The whole listing is to be restated word for word with no images.

** SUPPLIED DATA **

----

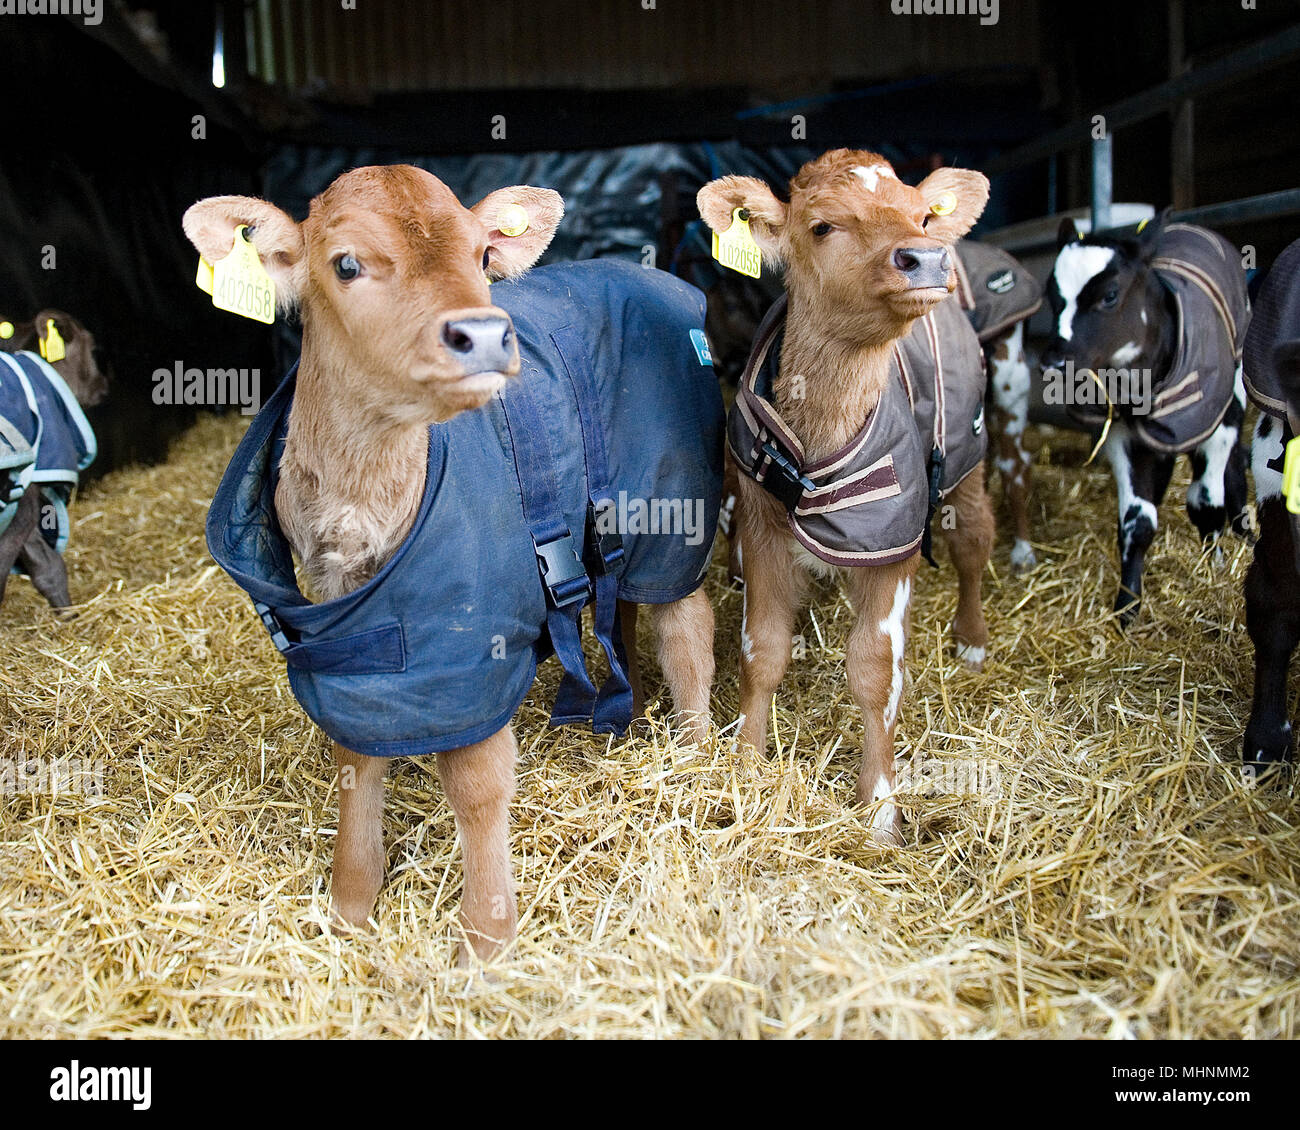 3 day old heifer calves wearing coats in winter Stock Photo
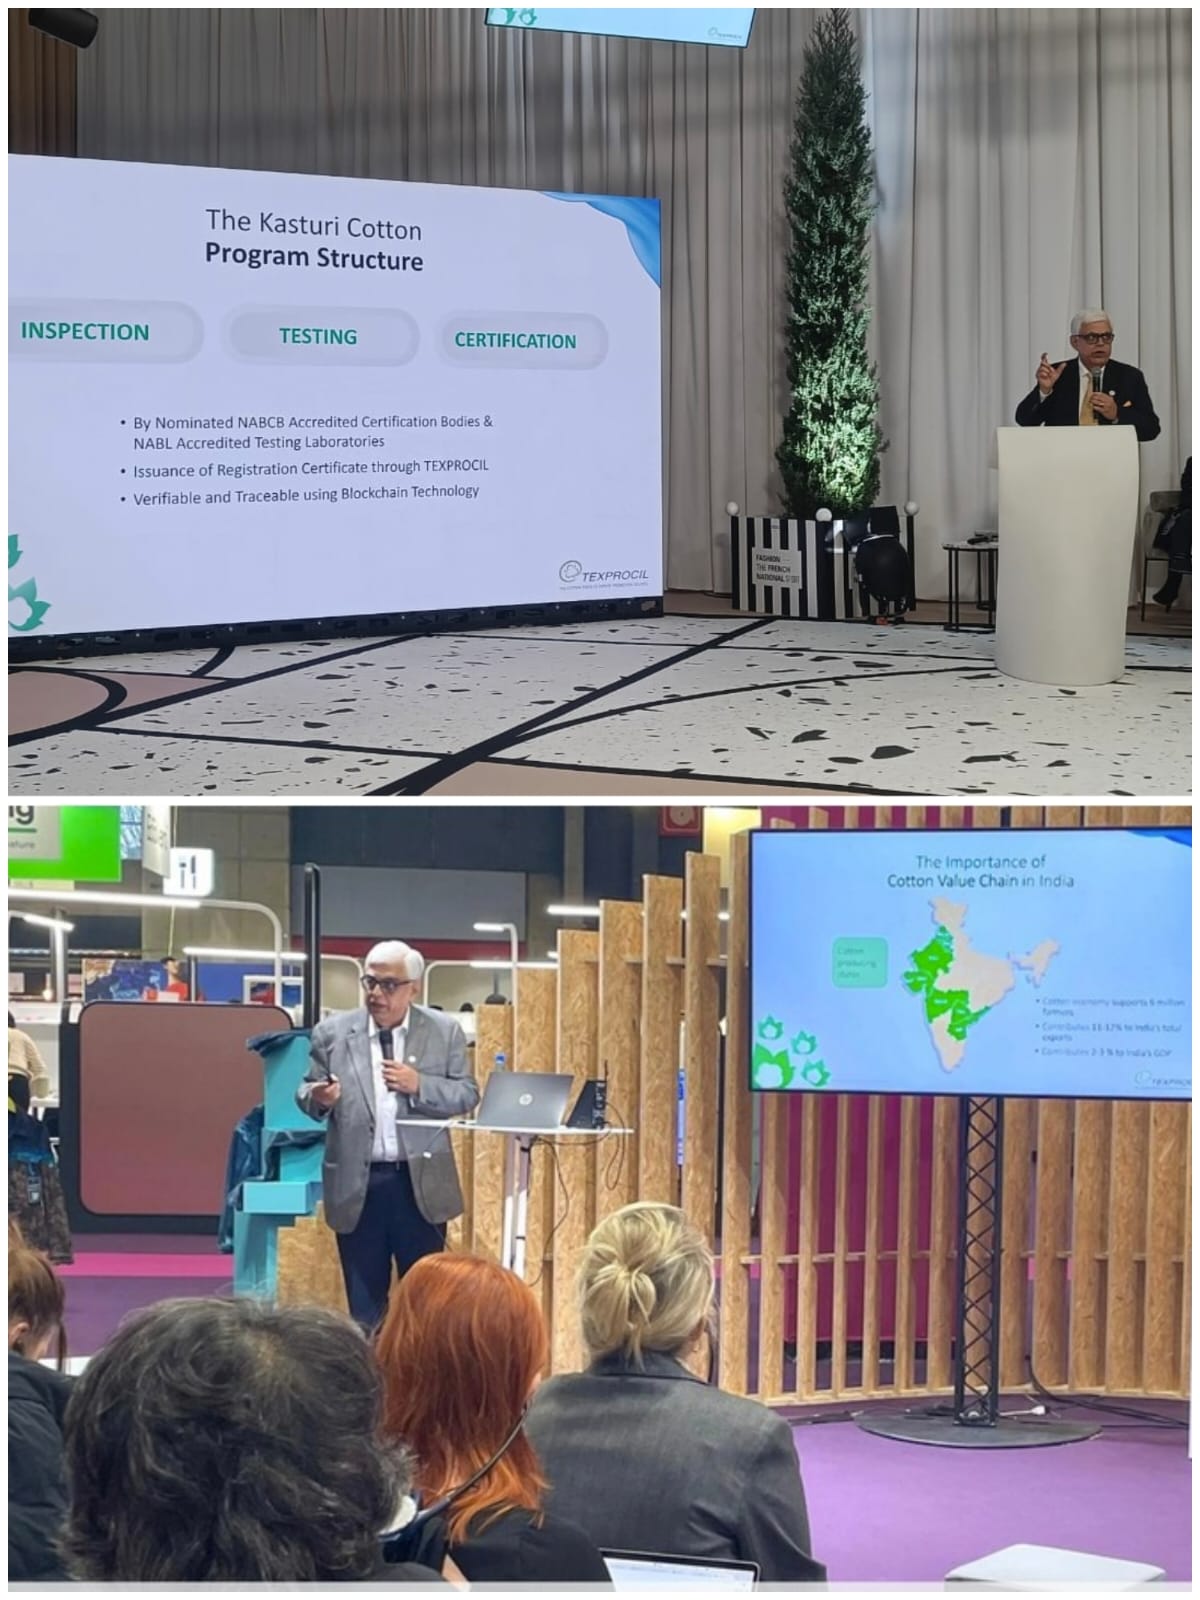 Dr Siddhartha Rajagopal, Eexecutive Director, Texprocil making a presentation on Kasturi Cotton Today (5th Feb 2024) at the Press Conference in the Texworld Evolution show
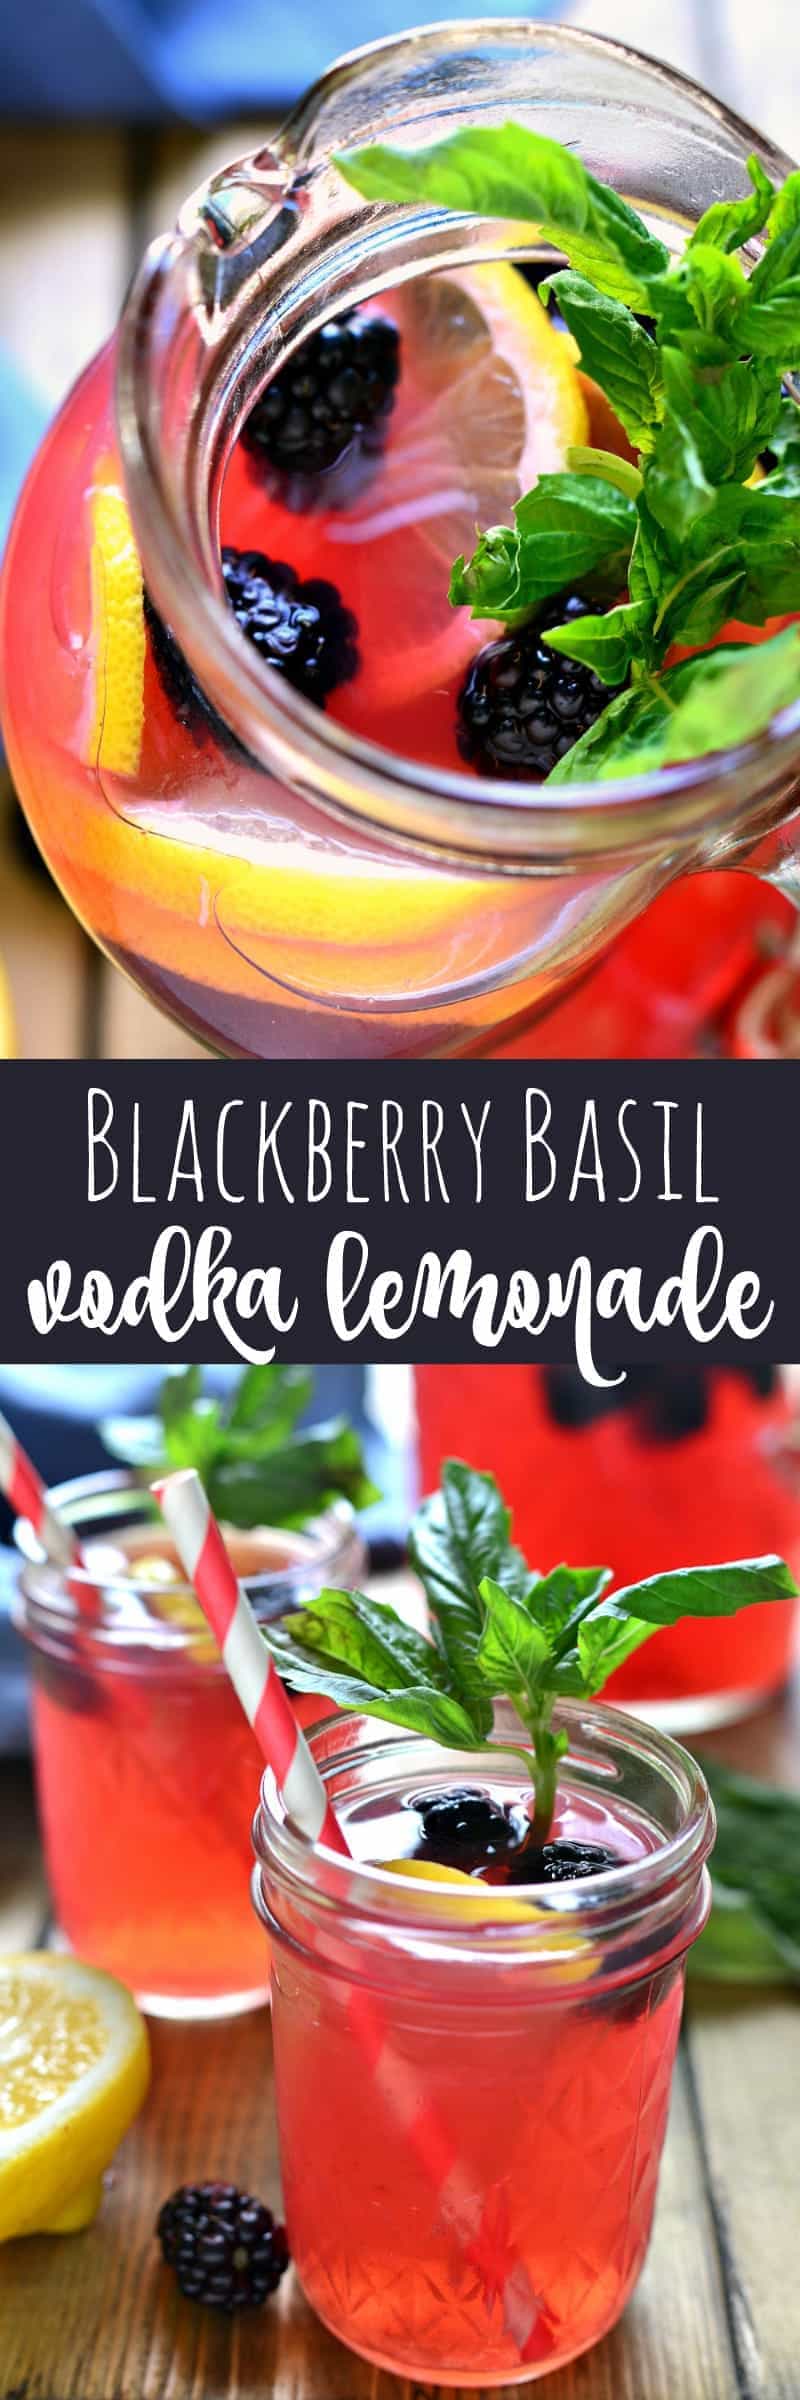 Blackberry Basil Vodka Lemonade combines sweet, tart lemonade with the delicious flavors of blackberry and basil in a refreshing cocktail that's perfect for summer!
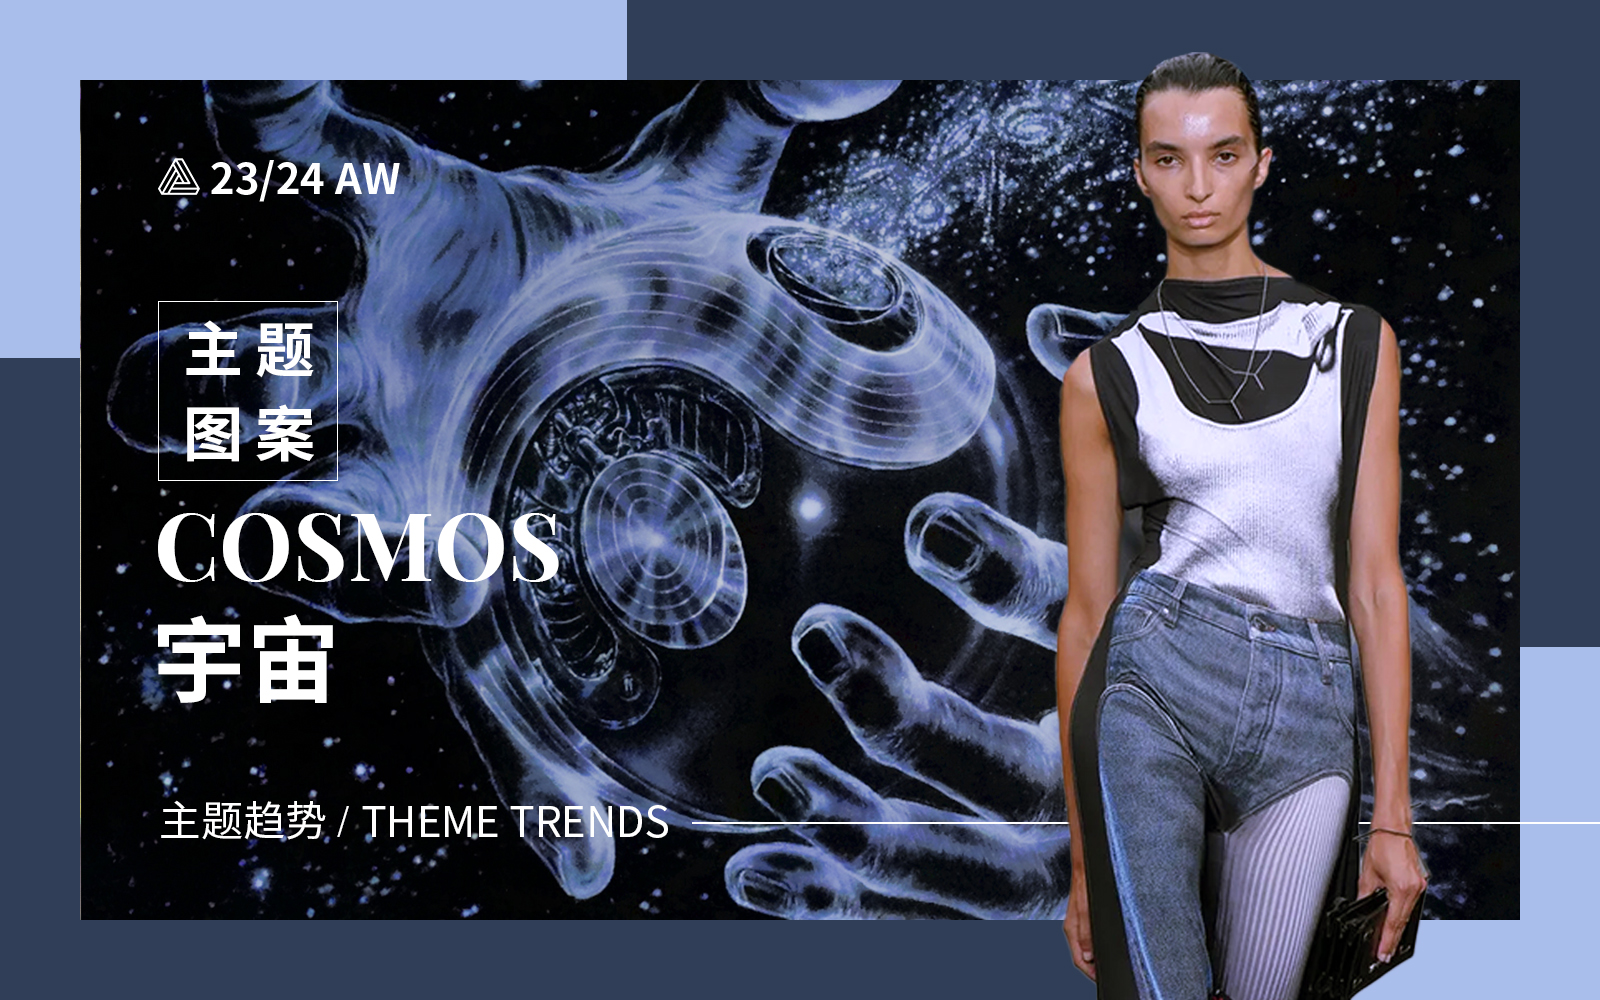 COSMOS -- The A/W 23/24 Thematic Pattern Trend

----

** WRITTEN RESPONSE **
 3 day old heifer calves wearing coats in winter Stock Photo
 Dr Siddhartha Rajagopal, Eexecutive Director, Texprocil making a presentation on Kasturi Cotton Today (5th Feb 2024) at the Press Conference in the Texworld Evolution show
 Blackberry Basil Vodka Lemonade combines sweet, tart lemonade with the delicious flavors of blackberry and basil in a refreshing cocktail that's perfect for summer!
 COSMOS -- The A/W 23/24 Thematic Pattern Trend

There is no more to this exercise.